There’s a giant ad on the side of a building in Las Vegas, making a wordplay on the classic “what happens in Vegas stays in Vegas” line. Nothing unusual about that, except it’s been set up by Apple just in time for the Consumer Electronics Show’s arrival in town, an event that the iPhone maker traditionally pretends isn’t even happening.
Taking over the side of a hotel strategically positioned right next to the Las Vegas Convention Center (LVCC), Apple’s multi-story ad keeps things simple: “What happens on your iPhone, stays on your iPhone.” Below that resides a link to apple.com/privacy, where the company expounds at greater length about the security of things like Apple Pay, Face ID, and the health data collected by the Apple Watch. Every person attending CES this coming week will inevitably see this stark white-on-black ad.
In spite of never having a formal presence at CES, Apple has always been the invisible elephant in the convention halls, with device and accessory makers committing time and resources to building out the Apple ecosystem. In recent times, however, it’s been Amazon’s Alexa and Google’s Assistant that have taken over primacy at CES, and now Apple is striking back with an expertly judged troll ad.
Taking on precisely the opposite color scheme, black text on a white background, is Google with its new, massively expanded presence outside the LVCC. One corner of the LVCC parking lot is entirely taken up by Google showing off its Assistant wares. The local monorail, which passes by the CES venue, is also stickered up with Google banners, and additional “Hey Google” branding can be seen all across the LVCC. Like last year, Google’s investing heavily in promoting the Assistant as a strong Alexa competitor and the focal point of CES. It’s just that this year Apple has something snarky to say about it.
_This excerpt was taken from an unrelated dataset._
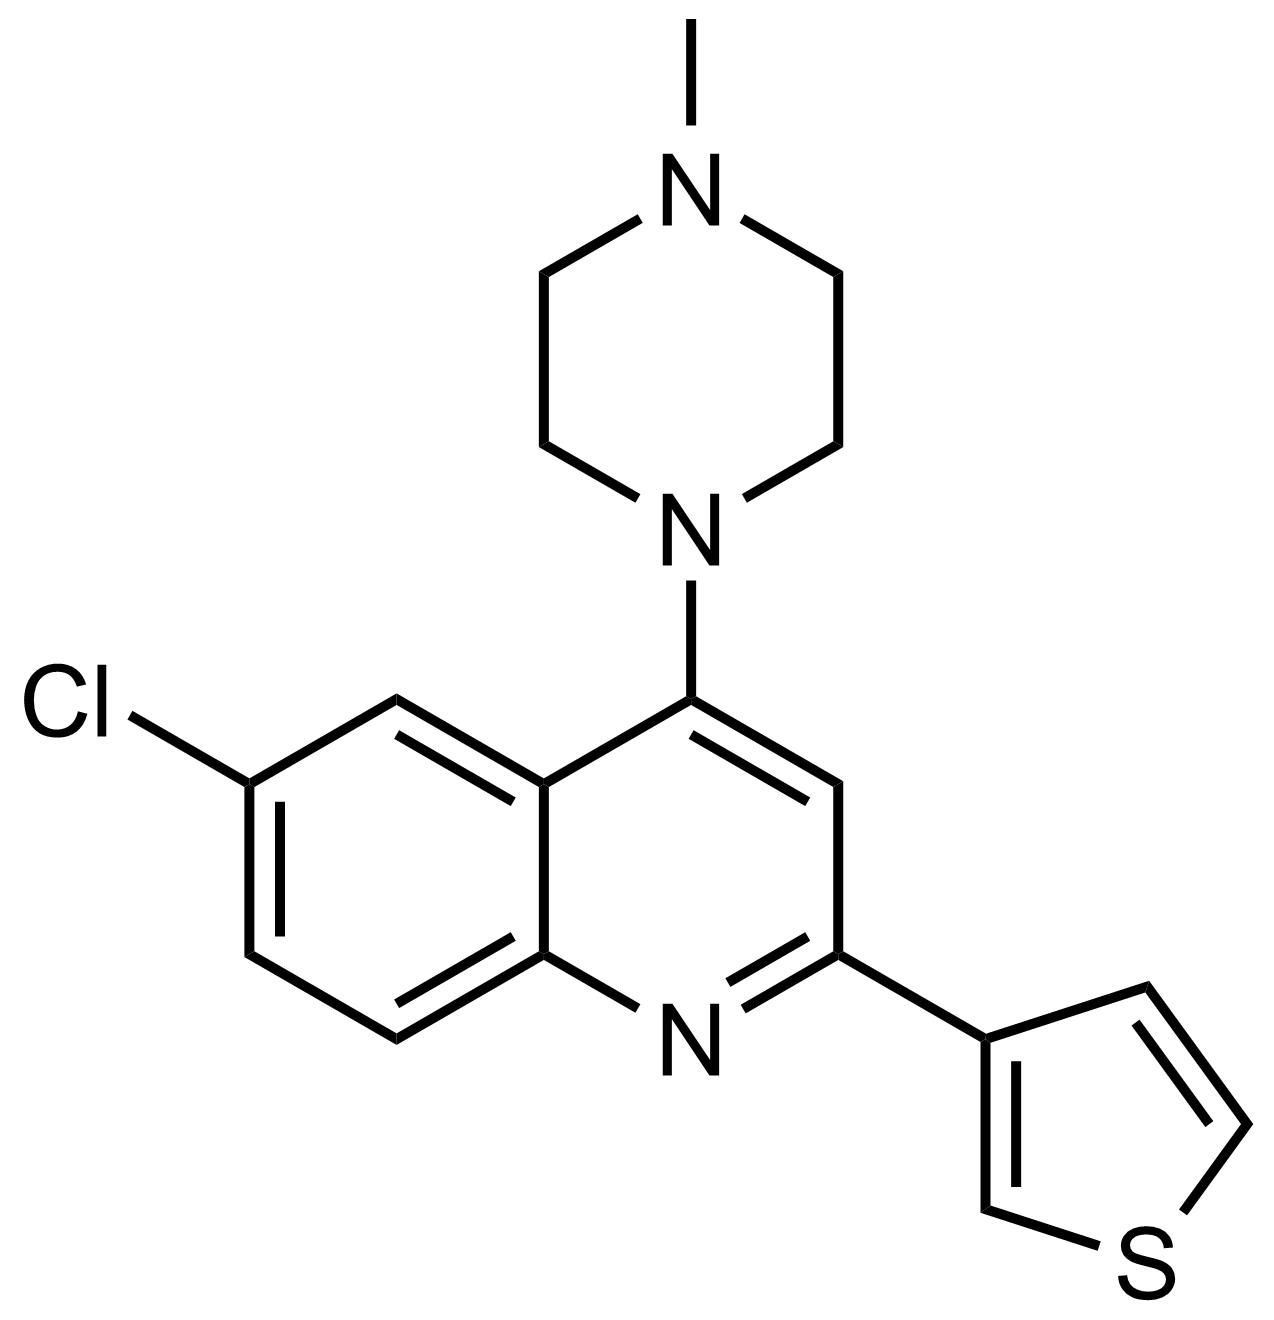 Structure of 6-Chloro-4-(4-methylpiperazin-1-yl)-2-(thiophen-3-yl)quinoline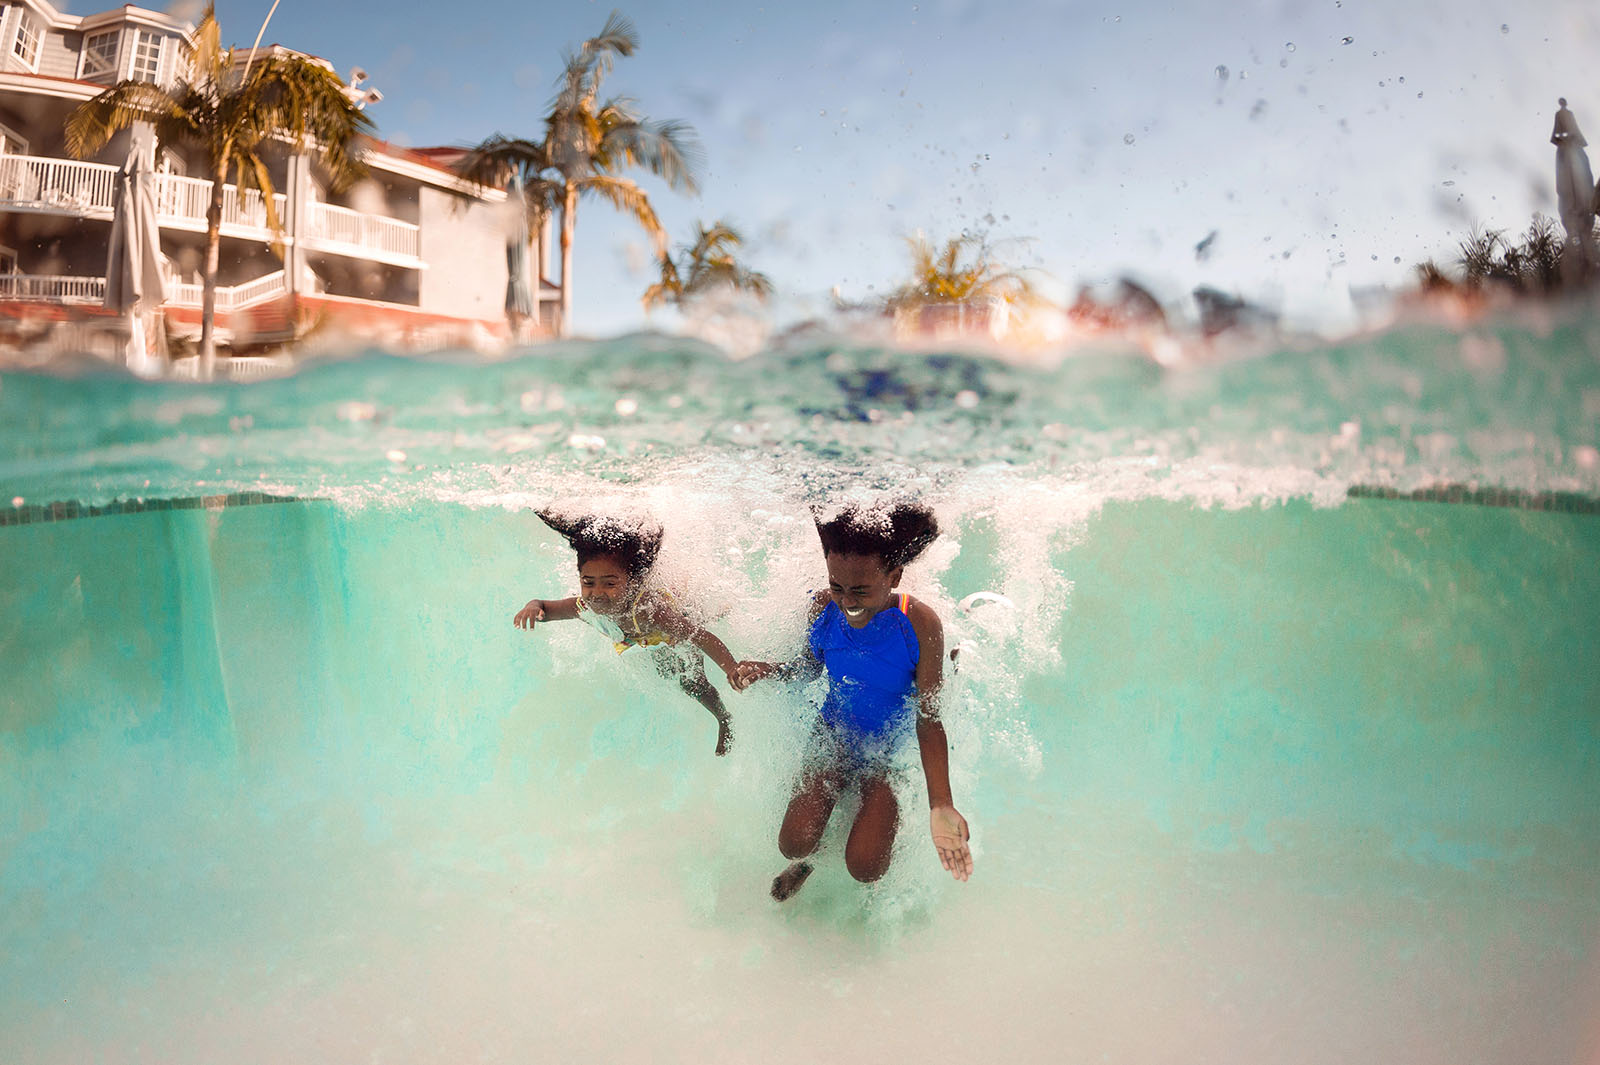 Elizabeth-blank-underwater-photography-04.jpg

Apple isn’t wrong to tout its privacy advantage. Amazon’s Alexa has had embarrassing failures on this front: first by recording a private conversation and sending it to a different user, and then by mistakenly sending a user 1,700 voice recordings from another. As to Google Assistant and Android — the primary / only rival to the iPhone — there have been numerous privacy infractions from Android device makers surreptitiously tracking user information (hello, OnePlus and Blu), and Google’s own business model is predicated on exploiting user data for commercial gain. Apple can afford to be more noble because it sells hardware rather than ads.
Though Apple’s privacy may be superior to its rivals, it’s not without fault. iPhone users in China, for instance, are far less protected from state snooping than their US counterparts. And Apple’s tardiness in implementing two-factor authentication likely contributed to high-profile iCloud accounts being compromised in the infamous Celebgate photo leak. If Apple wants to live up to the full meaning of the words it has emblazoned on the side of a building this week, it ought to ensure its privacy protections are impenetrable and apply with equal strength everywhere across the world. Otherwise, this might all look a bit hypocritical.